Кончилась мука, съели собак.
Женщины обдирали с бревен тына кору, мололи ее и пекли соленые лепешки. Чего было много в Нижнеколымске, так это соли.
А пороху и зарядов тоже осталось мало. Аллай не только морил казаков голодом, он каждый день водил своих воинов под стены острожка, и с каждым днем все труднее и труднее отбивали казаки натиск юкагиров.
Однажды Сичю сказала Дежневу:
- Совсем плохо, Семен. Последнюю кору с тына содрали, на три дня хватит.
Сичю была совсем черная, да и у Семена остались нос да глаза. Семен собрал казаков. Сидели они перед ним заросшие, черные от пороха, в грязных рваных кафтанах. Не то что постирать - поменять одежду не было ни охоты, ни сил.
- Не пора ли, казаки, кончать Аллая? - спросил Семен серьезно.
На него уставились мрачно и с надеждой. Когда не было и капли ее, от любой малости ждали чуда.
- Сегодня велю баню топить. Нельзя во вшивости нашей победить сильного. Мыться всем!
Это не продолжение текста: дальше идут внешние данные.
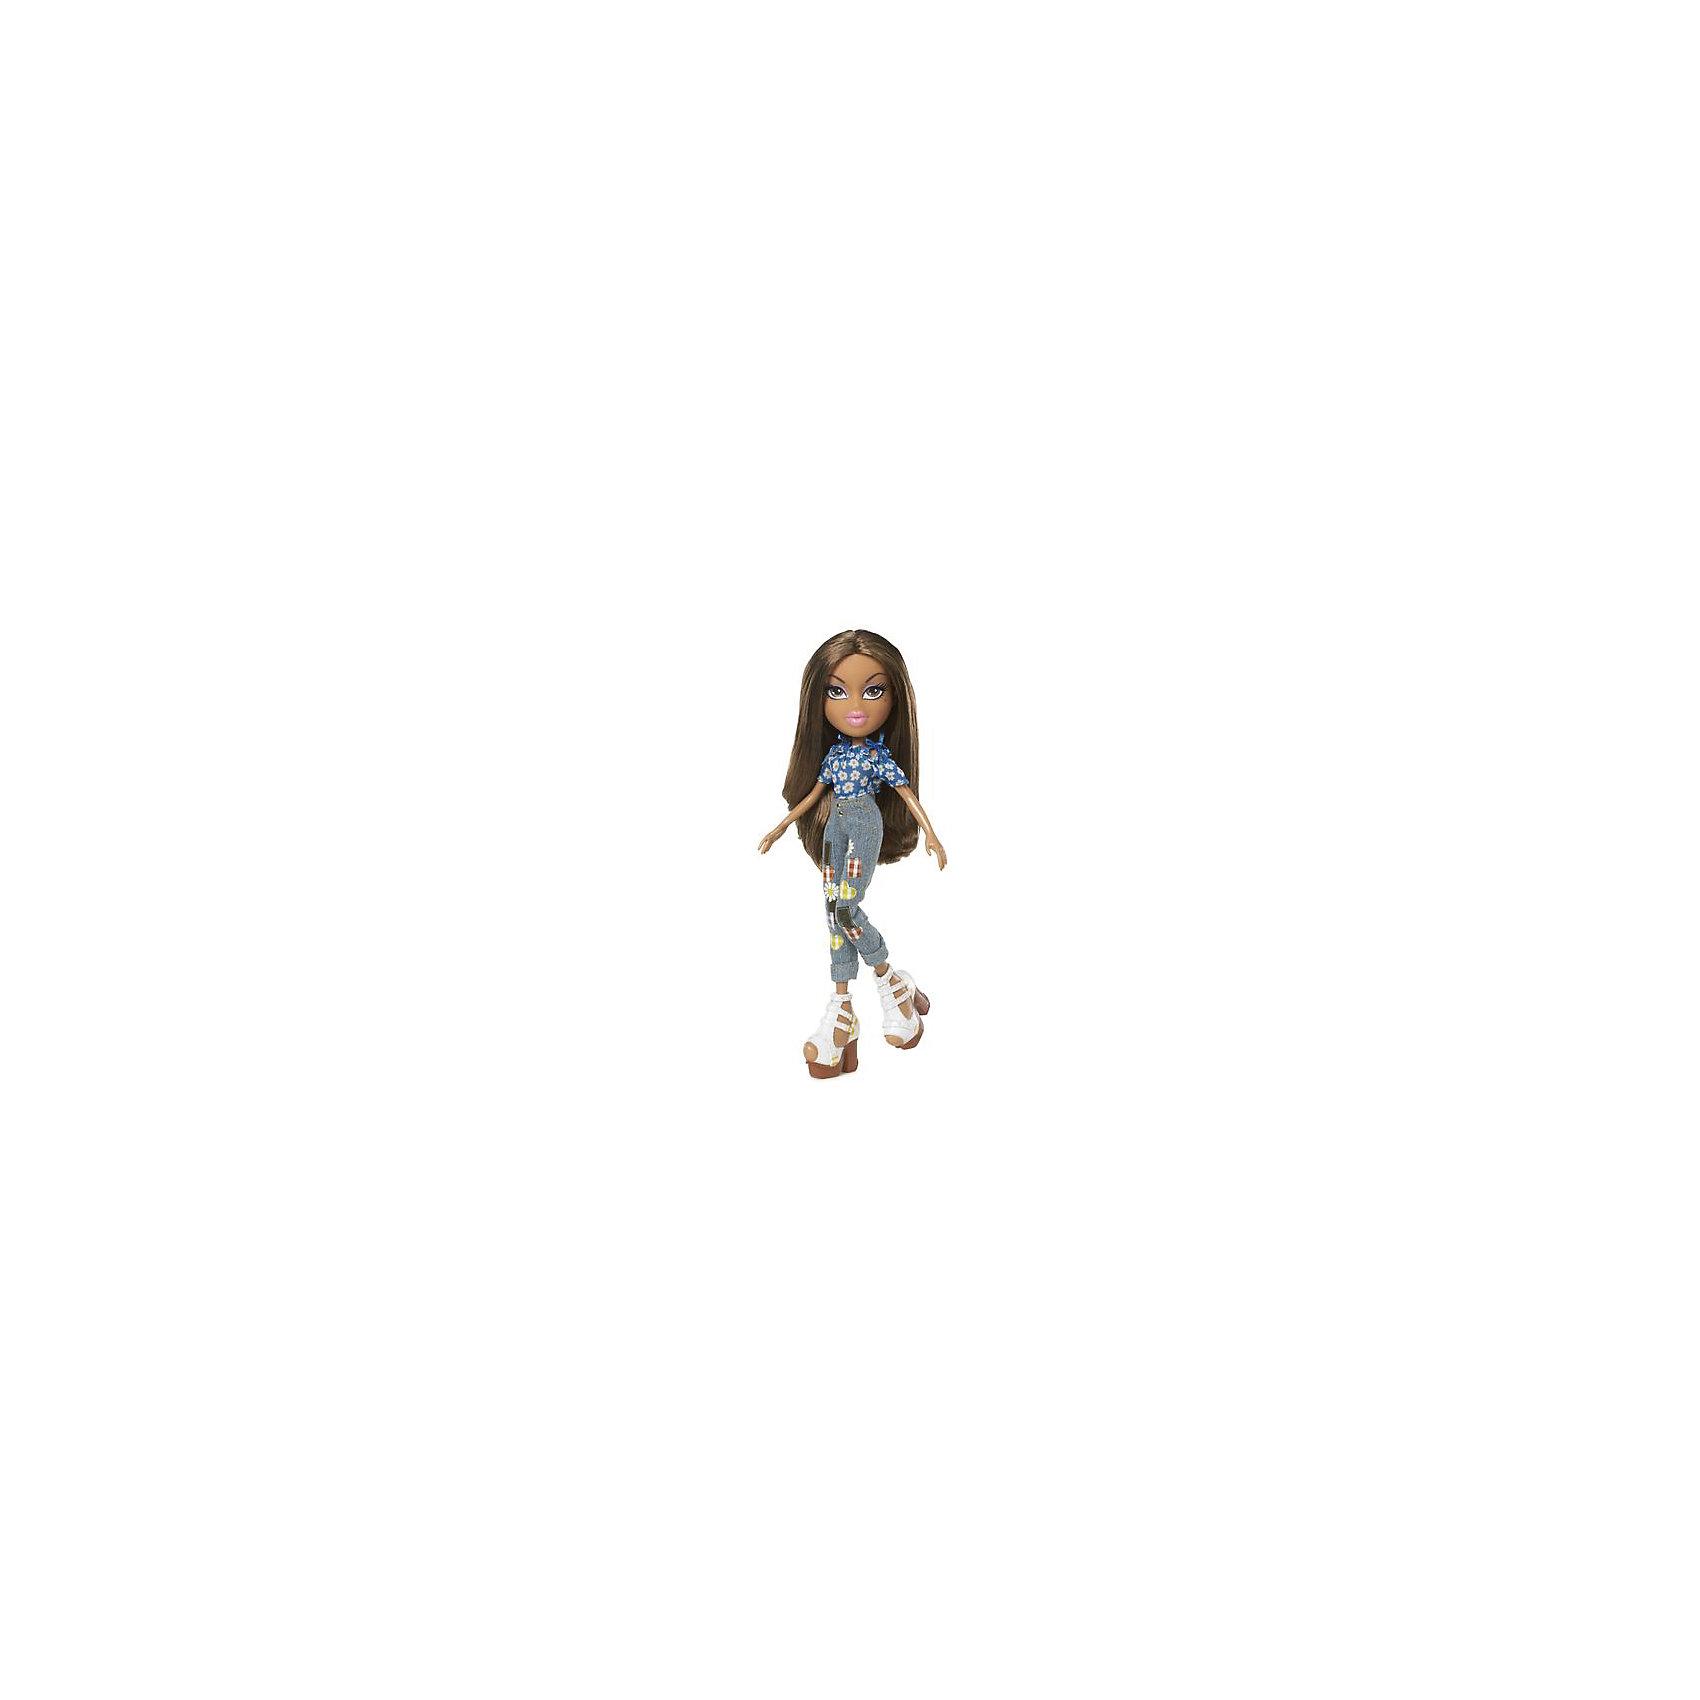 Кукла делюкс Жасмин, Давай знакомиться, BratzКуклы-модели<br>Характеристики товара:<br><br>- цвет: разноцветный;<br>- материал: пластик, текстиль;<br>- особенности: руки и ноги сгибаются;<br>- размер упаковки: 18х31х7 см;<br>- размер куклы: 27 см.<br><br>Такие красивые куклы не оставят ребенка равнодушным! Какая девочка откажется поиграть с куклой Bratz?! Игрушка отлично детализирована, очень качественно выполнена, поэтому она станет отличным подарком ребенку. В наборе идут одежда и аксессуары, которыми можно украсить куклу!<br>Изделие произведено из высококачественного материала, безопасного для детей.<br><br>Куклу делюкс Жасмин, Давай знакомиться, от бренда Bratz можно купить в нашем интернет-магазине.<br><br>Ширина мм: 180<br>Глубина мм: 310<br>Высота мм: 70<br>Вес г: 400<br>Возраст от месяцев: 48<br>Возраст до месяцев: 2147483647<br>Пол: Женский<br>Возраст: Детский<br>SKU: 5040282

Всем надеть лучшую одежду.
- Ну, а как же Аллая победить? - спросил Втор Катаев.
- Как помоетесь, скажу.
Тот день был для казаков жирный: прибежал под стены песец. Пока Дежнев говорил с казаками, Иван Беляна, сидевший на башне, крикнул:
- Семен, песец возле ворот гуляет.
Спотыкаясь от спешки, от слабости, Семен забежал на башню. Казаки прильнули к щелям тына. Песец почуял опасность и уходил в сторону юкагиров. Никто не стрелял. Лучшим стрелком был Семен, и нельзя ему было промазать.
- Далеко уже, - выдохнул за спиной Дежнева Беляна, и в тот же миг грянул выстрел. Песец закрутился на месте, упал, вскочил и лег замертво.
Втор Катаев отворил ворота и бросился к песцу. Он уже был совсем близко от зверя, когда от юкагиров с копьями побежали к русскому самые молодые и быстрые воины Аллая.
Втор схватил песца за хвост, потянул и упал. Не в силах расстаться с добычей, засучил ногами по земле, словно она была ледяная, пополз на четвереньках. Вскочил, наконец, и бог знает от каких сил, побежал вдруг так, словно не было осады, не было голода, словно бежал налегке.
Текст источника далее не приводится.